▸ **Work task**:
Render every line of the data exactly as written, and leave out the pictures.

▸ **Given information**:
================================

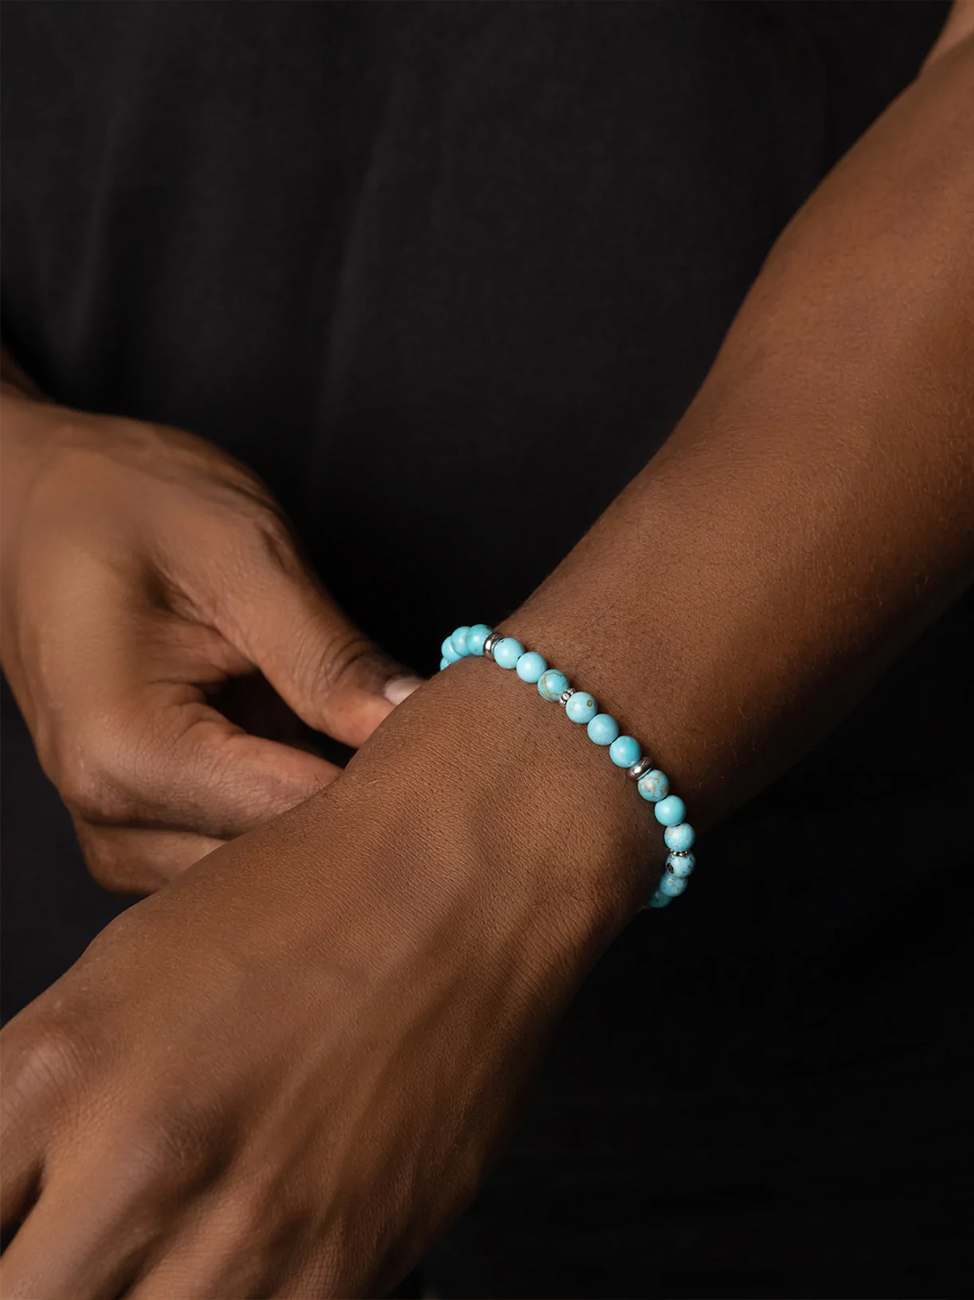 Nialaya Men's Beaded Bracelet with Turquoise and Silver | MSB8_064
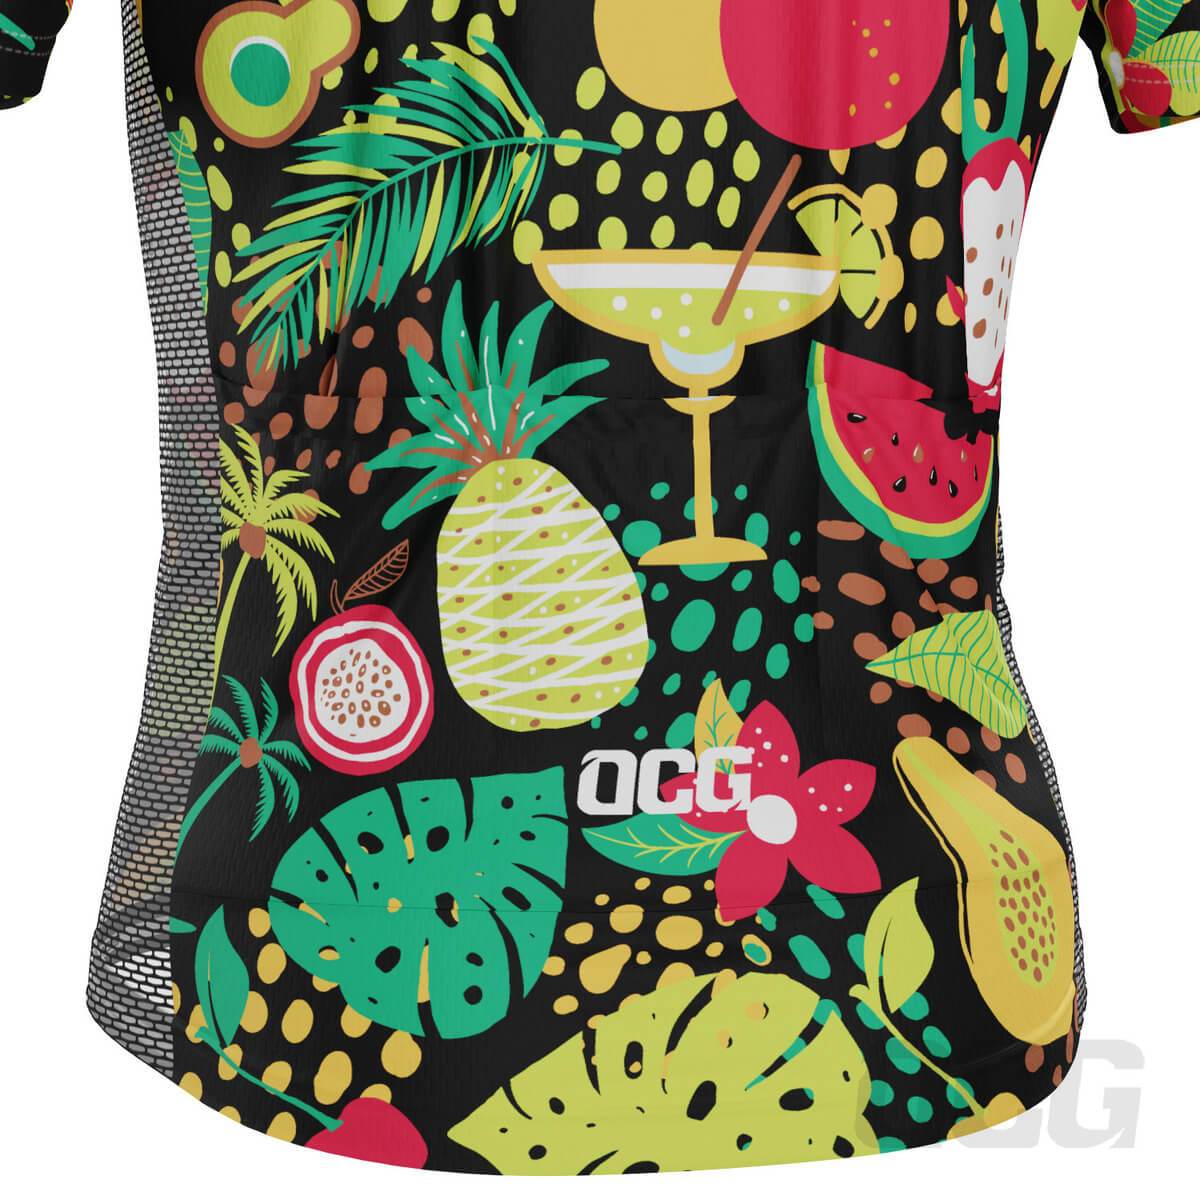 Men's Fruit Cocktail Short Sleeve Cycling Jersey
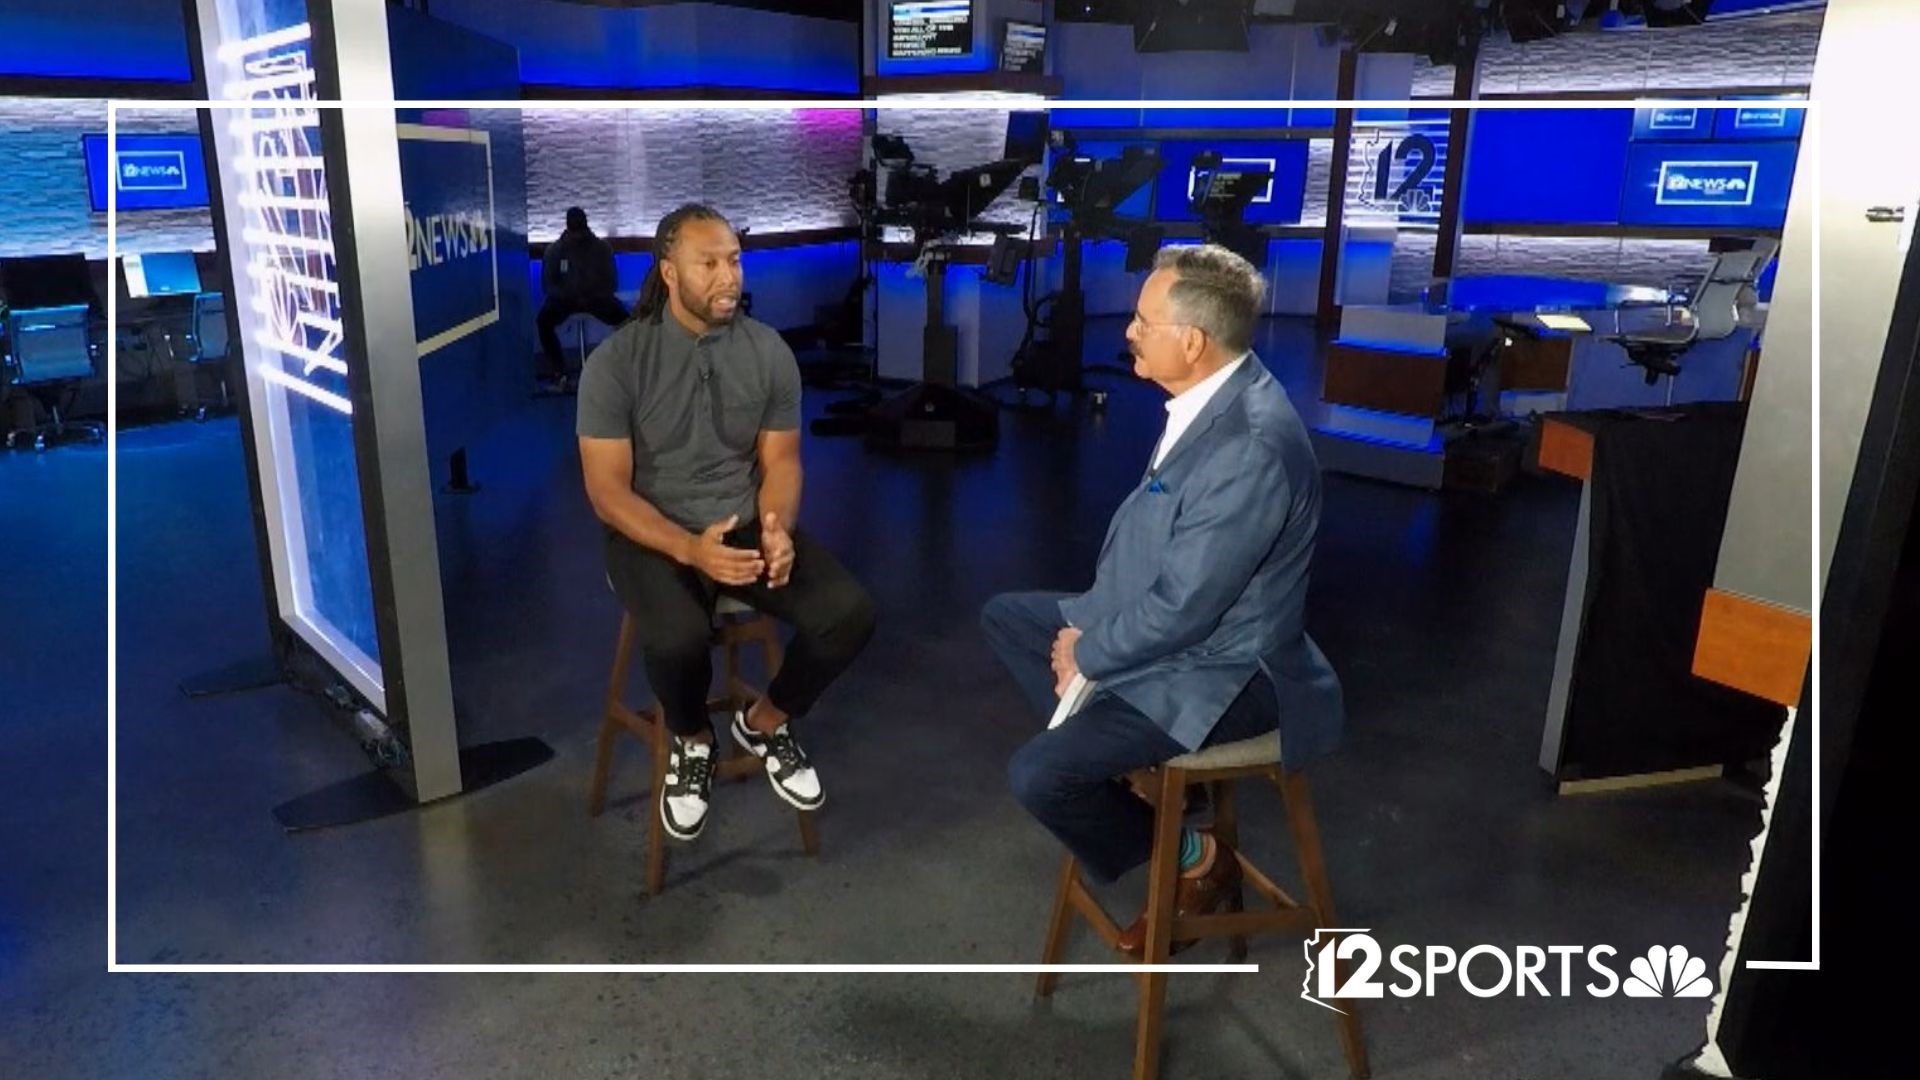 It's been a couple of years since Larry Fitzgerald played football. He recently sat down with Mark Curtis to talk about what he's been up to since his playing days.

================================

▸ **Answer space**:
 Nialaya Men's Beaded Bracelet with Turquoise and Silver | MSB8_064
 Men's Fruit Cocktail Short Sleeve Cycling Jersey
 It's been a couple of years since Larry Fitzgerald played football. He recently sat down with Mark Curtis to talk about what he's been up to since his playing days.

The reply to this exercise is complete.